Jakiś czas temu Jimbo wysłał na ogólną listę dyskusyjną mail z następującym pytaniem (moja interpretacja, nie dosłowne tłumaczenie):
Załóżmy, że mielibyśmy do dyspozycji ogromną kwotę pieniędzy. Nie ograniczajmy się, ale załóżmy, że mowa o stu milionach dolarów. Mamy możliwość za te pieniądze "uwolnić" coś z praw autorskich i zapewnić temu egzystencję w internecie - tak, żeby można było to użyć na Wikipedii, Commons, itd. Co takiego chcielibyście uwolnić?
Propozycje, które były i spodobały mi się jak na razie, to m.in.:
- zeskanowanie i zrobienie zdjęć wszystkim dziełom w PD (rzeźbom,
obrazom, książkom)
- uwolnienie okładek wszystkich płyt i filmów
- uwolnienie 30-sekundowych fragmentów wszystkich piosenek
- uwolnienie zdjęć z agencji prasowych
Macie jakieś inne propozycje? Albo inaczej, czy macie jakieś propozycje, które mogłyby mieć zastosowanie u nas, w Polsce?
--
Pomysł nie tylko na Polskę, ale ogólnie na wszystkie projekty: a) wykupić prawa do SMILES: http://www.daylight.com/dayhtml/doc/theory/theory.smarts.html http://pl.wikipedia.org/wiki/SMILES b) napisać aplikację open-source, która konwertuje SMILES do svg i zaimplementować ją do MediaWiki - na wzór Latexa c) zakupić od ACS lub Beilsteina wyciąg ich bazy danych na temat załóżmy 100 000 najważniejszych (najczęściej stosowanych) związków chemicznych d) zapuścić bota, który zrobi z tego hasła z infoboxami i przy okazji posprawdza dane w już istniejących infoboxach + porobi i powstawia obrazki ze strukturami związków chemicznych - z wykorzystaniem aplikacji SMILES oczywiście.
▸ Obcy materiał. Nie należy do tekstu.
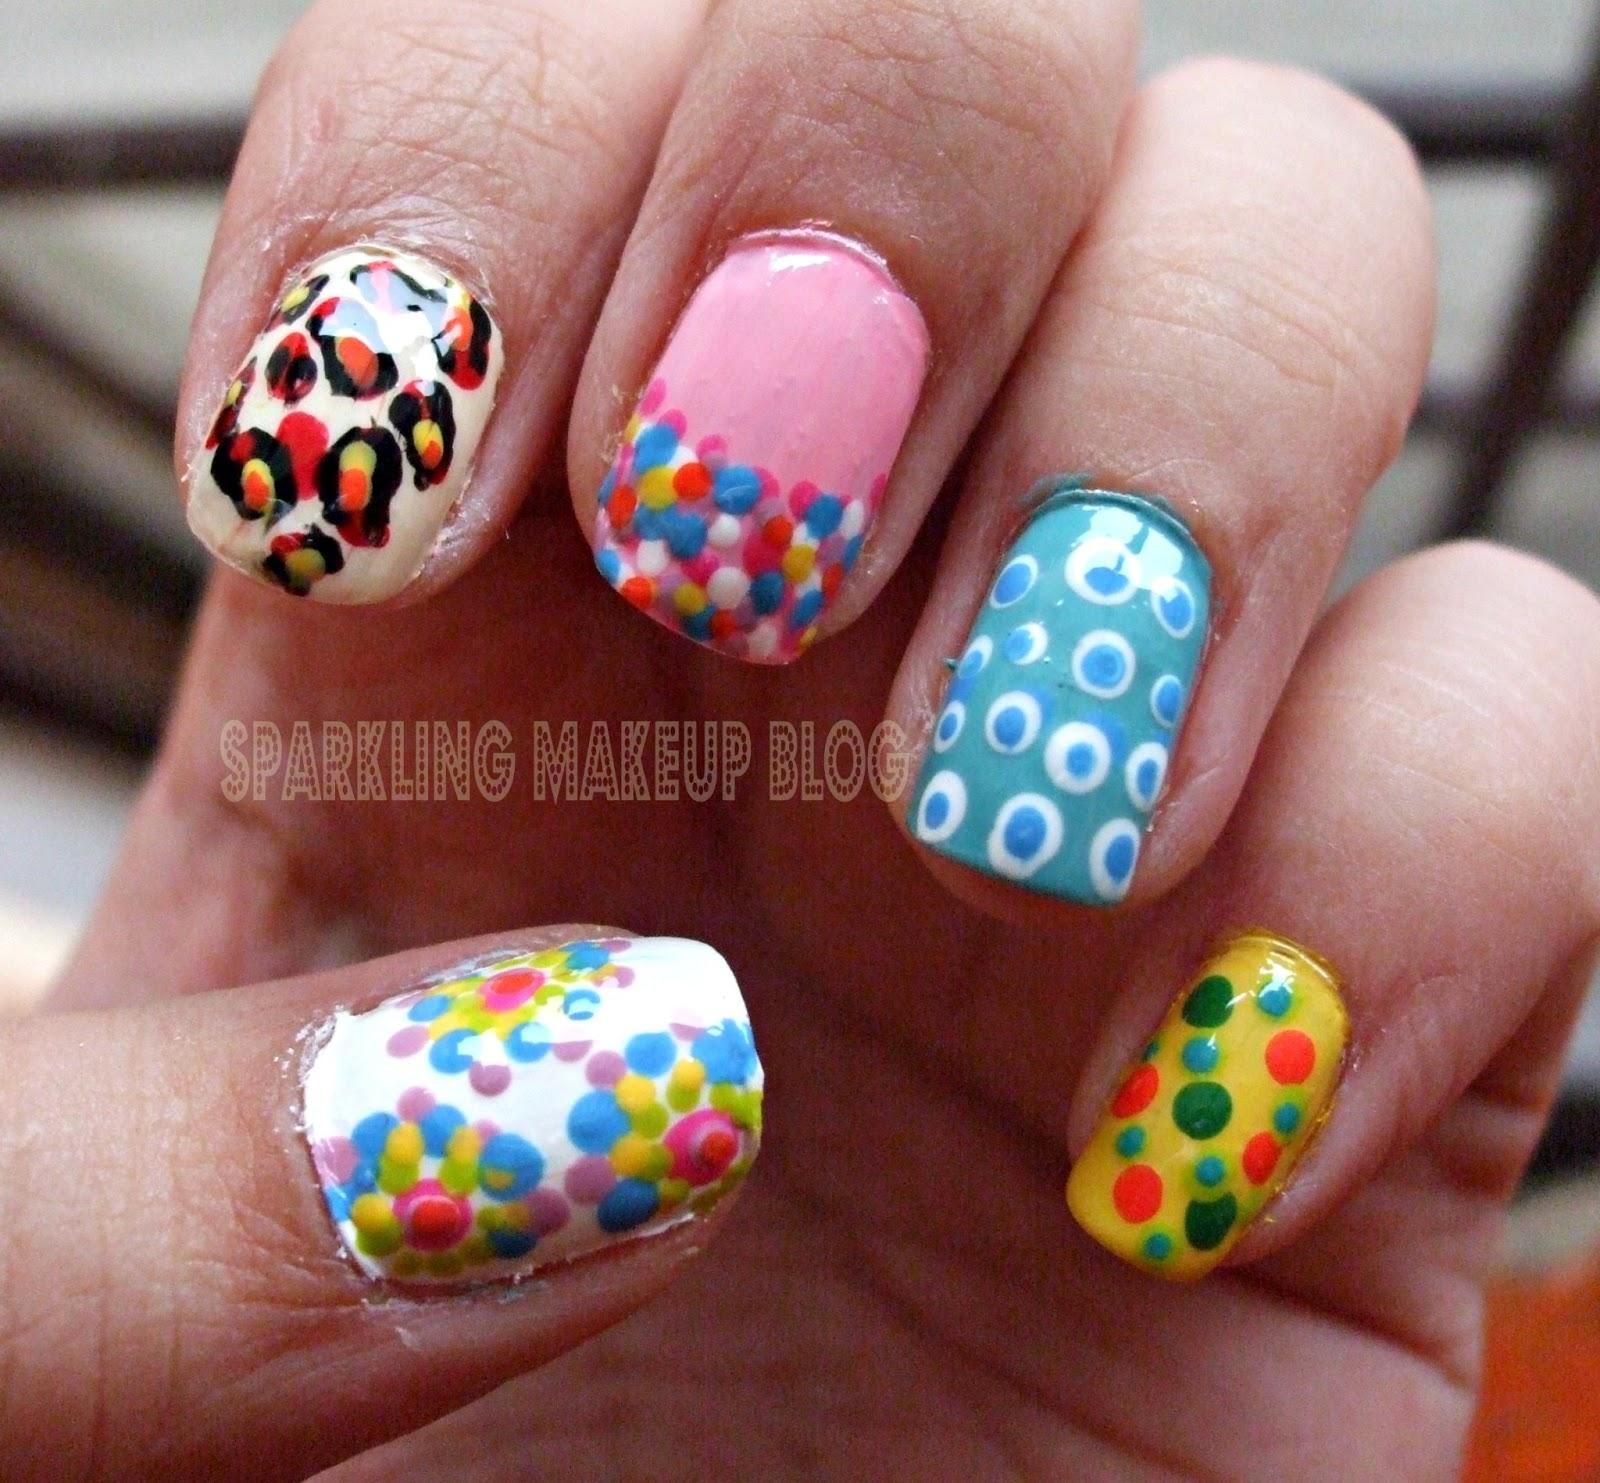 2 way wooden dotting pen tool from born pretty store nail art dot dot dot nail art prinsesfo Gallery

06-10-17, Tomasz Ganicz polimerek@gmail.com napisał(a):
Pomysł nie tylko na Polskę, ale ogólnie na wszystkie projekty: a) wykupić prawa do SMILES: http://www.daylight.com/dayhtml/doc/theory/theory.smarts.html http://pl.wikipedia.org/wiki/SMILES b) napisać aplikację open-source, która konwertuje SMILES do svg i zaimplementować ją do MediaWiki - na wzór Latexa c) zakupić od ACS lub Beilsteina wyciąg ich bazy danych na temat załóżmy 100 000 najważniejszych (najczęściej stosowanych) związków chemicznych d) zapuścić bota, który zrobi z tego hasła z infoboxami i przy okazji posprawdza dane w już istniejących infoboxach + porobi i powstawia obrazki ze strukturami związków chemicznych - z wykorzystaniem aplikacji SMILES oczywiście.
Świetny pomysł, można by to zrobić w ramach przyszłorocznego Google Summer of Code :) Trzeba by tylko znaleźć odpowiednią liczbę programistów.
Aha, nie Open Source, a Free Software - Wikipedii jest przecież bliżej tej drugiej idei.